2. The flue gas separation device according to claim 1, wherein,

the smoke separator (72) is vertically supported on the mounting frame (71), the smoke inlet (721) is arranged on the outer side wall of the upper end of the smoke separator (72), the smoke outlet (722) is arranged at the top end of the smoke separator (72), and the smoke exhaust port (723) is arranged at the bottom end of the smoke separator (72);

the blasting end of the shock wave air cannon (73) extends into the smoke channel (724) from the side wall of the lower end of the smoke separator (72).

3. The flue gas separation device according to claim 2, wherein,

the air inlet end of the gun guide tube is communicated with the compressed air tank, and the gun discharging end of the gun guide tube penetrates through the side wall of the gas-gas separator (72) and then stretches into the gas channel (724);

the first controller is arranged in the pipeline of the gun guide tube.

4. A flue gas separation device according to claim 3, wherein,

the flue gas blower (74) comprises a compressed air source arranged on the mounting frame (71), an air guide pipe for guiding compressed air of the compressed air source into the flue gas channel (724), and a second controller for controlling the air guide pipe to be opened and closed according to a set frequency and a set blowing duration;

the air inlet end of the air duct is communicated with the compressed air source, and the air blowing end of the air duct penetrates through the side wall of the smoke separator (72) and then stretches into the smoke channel (724);

the second controller is arranged in the pipeline of the air duct.

5. The flue gas separation device according to claim 4, wherein,

the number of the air ducts is multiple;

the air inlet ends of the air guide pipes are respectively communicated with the compressed air source, the air blowing ends of the air guide pipes penetrate through the side walls of the smoke separator (72) respectively and then extend into the smoke channel (724) so as to stir and blow off smoke in the smoke channel (724) at different positions and different angles, and a group of second controllers are arranged in the air guide pipes.
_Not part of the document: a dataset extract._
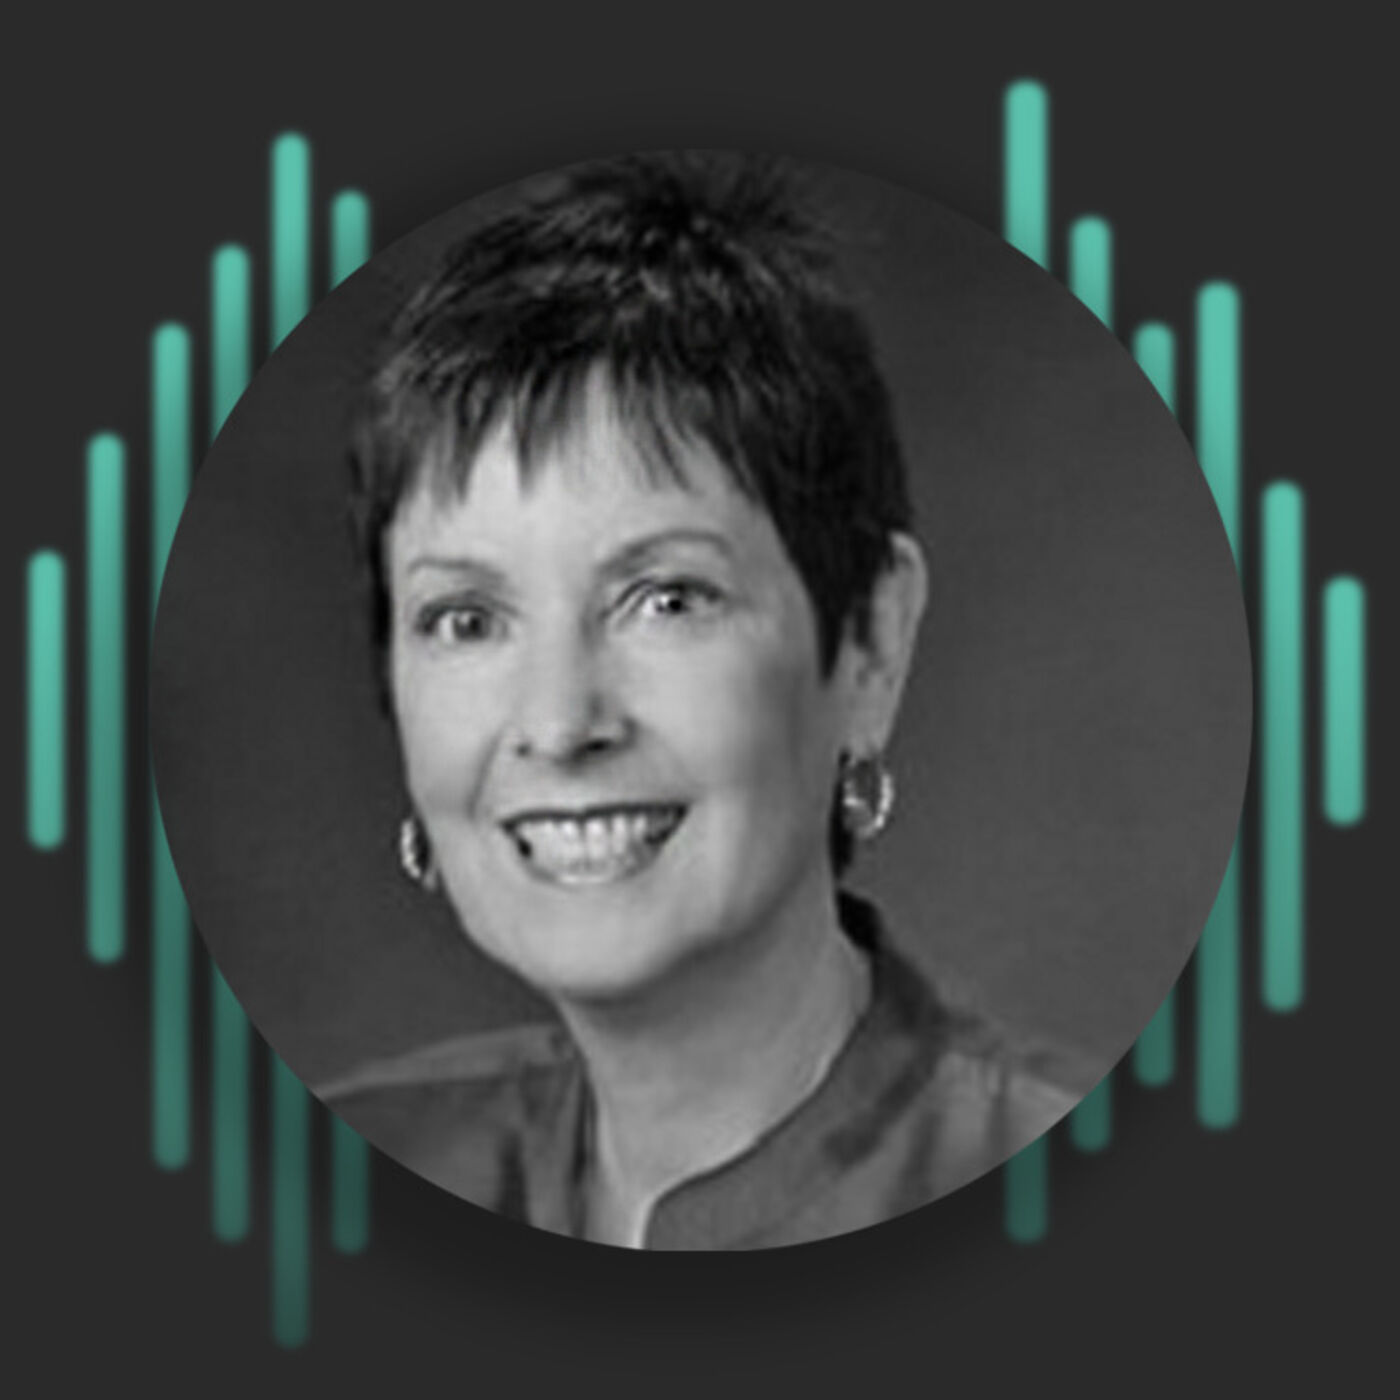 Episode 15: Karen J. Nichols D.O. Chair of the ACGME

6. The flue gas separation device according to claim 4, wherein,

the flue gas inlet (721) is arranged on the side wall surface of the air inlet disc (725);

the separation cone hopper (726) is vertically arranged, the upper flaring end of the separation cone hopper (726) is communicated with the lower bottom surface of the air inlet disc (725), and the lower necking end of the separation cone hopper (726) faces downwards and forms the flue gas exhaust port (723);

the smoke outlet (722) is arranged on the upper top surface of the air inlet disc (725), and the smoke outlet pipe (727) is vertically inserted into the smoke outlet (722).
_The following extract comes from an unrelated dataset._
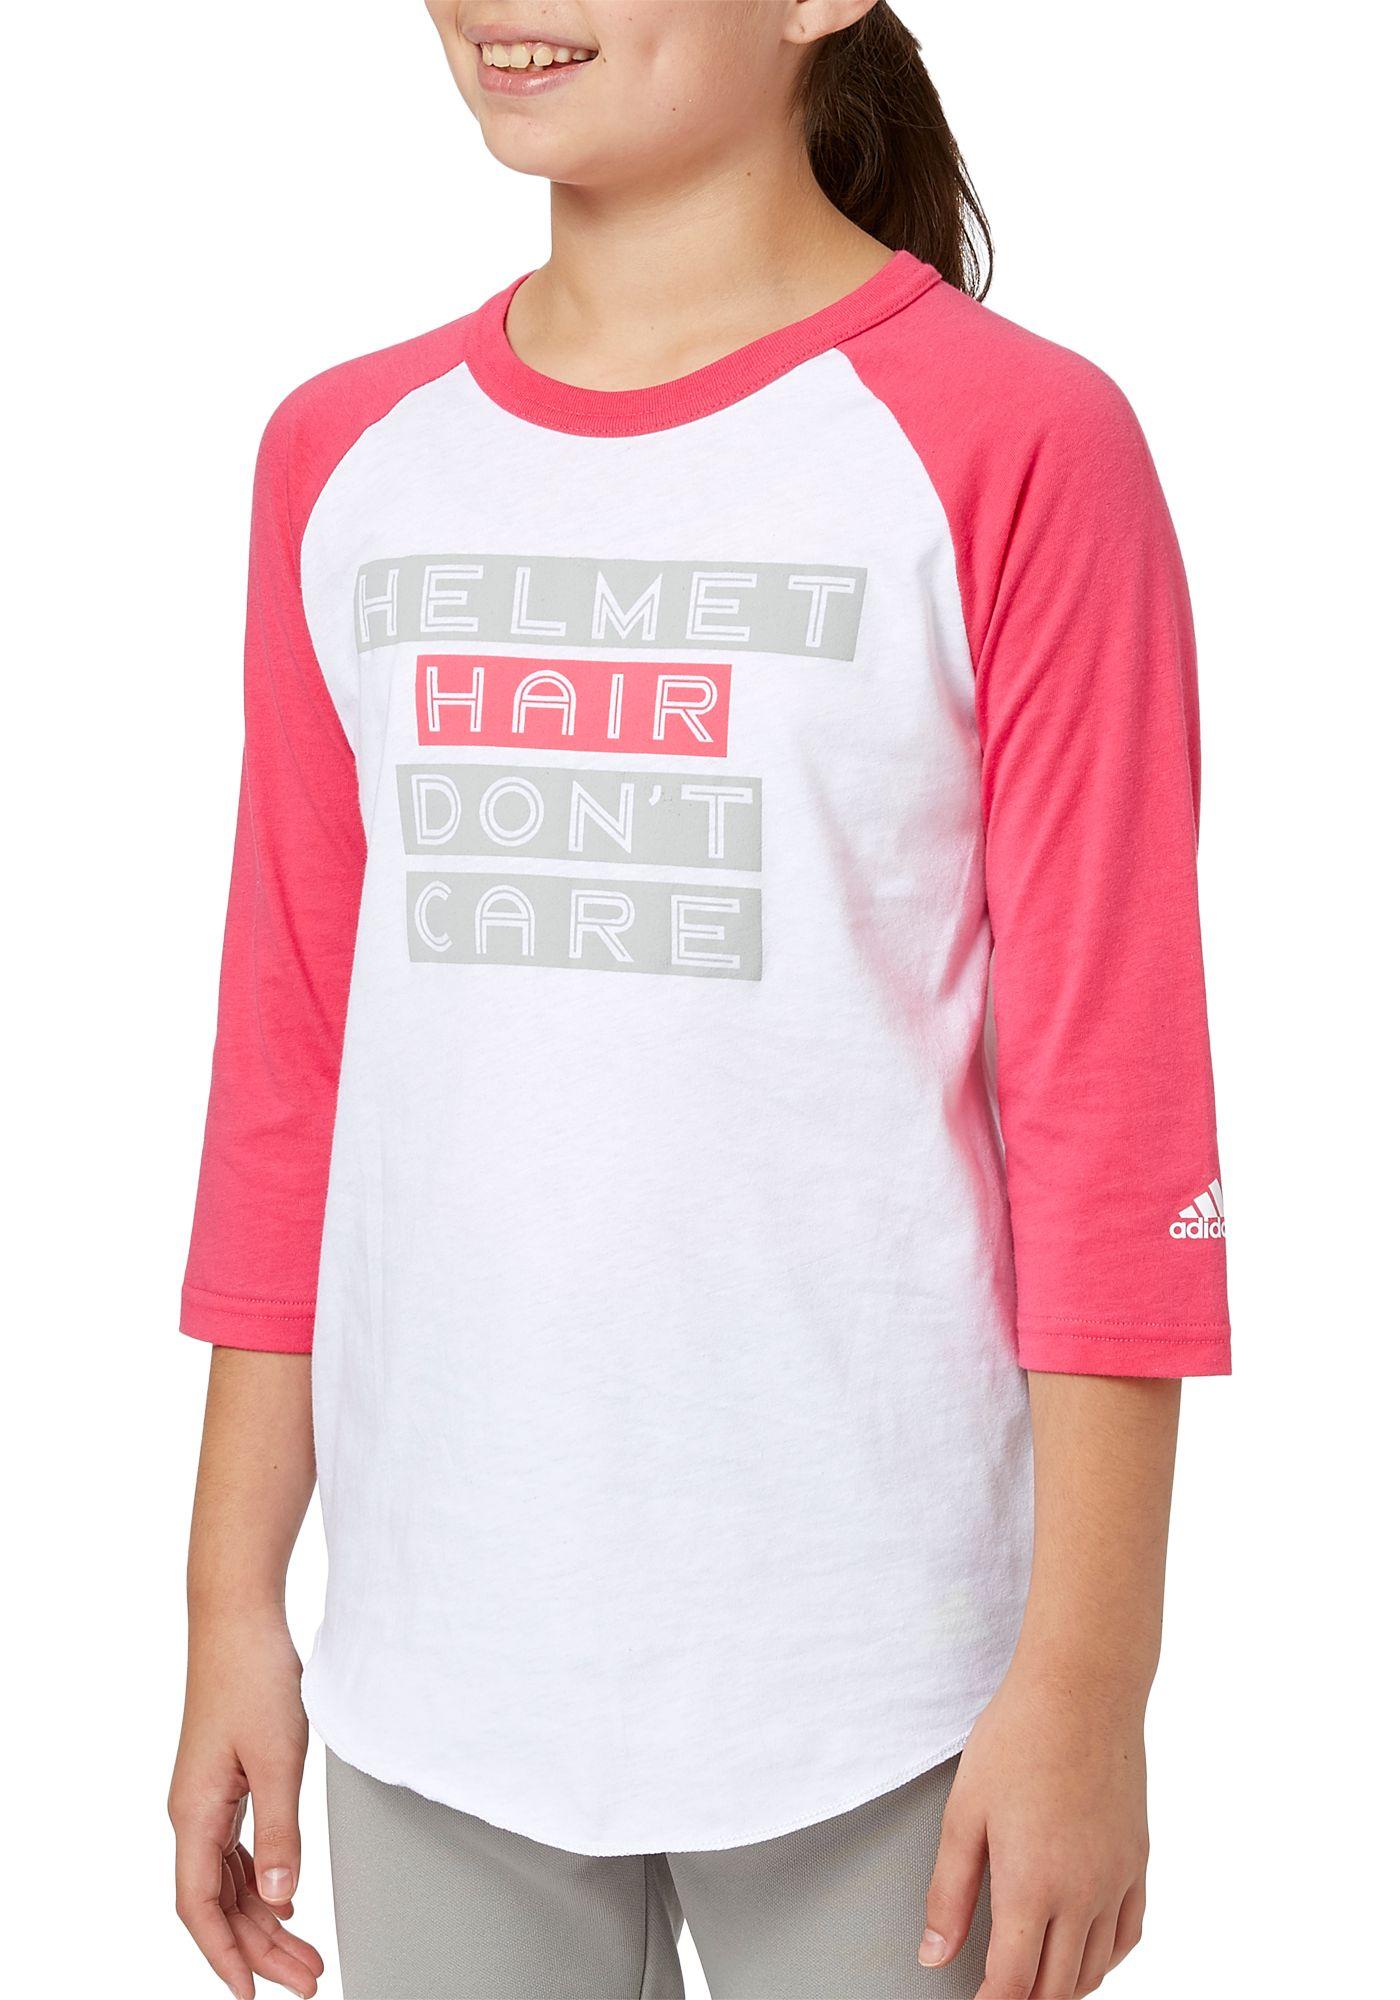 adidas Girls' Helmet Hair ¾ Sleeve Softball Shirt

7. The flue gas separation device according to claim 6, wherein,

the upper separating hopper, the middle separating hopper and the lower ash discharging hopper are sequentially arranged from top to bottom along the vertical direction and are in arc transition connection, the upper flaring end of the upper separating hopper is communicated with the lower bottom surface of the air inlet disc (725), and the lower necking end of the lower ash discharging hopper forms the flue gas exhaust port (723).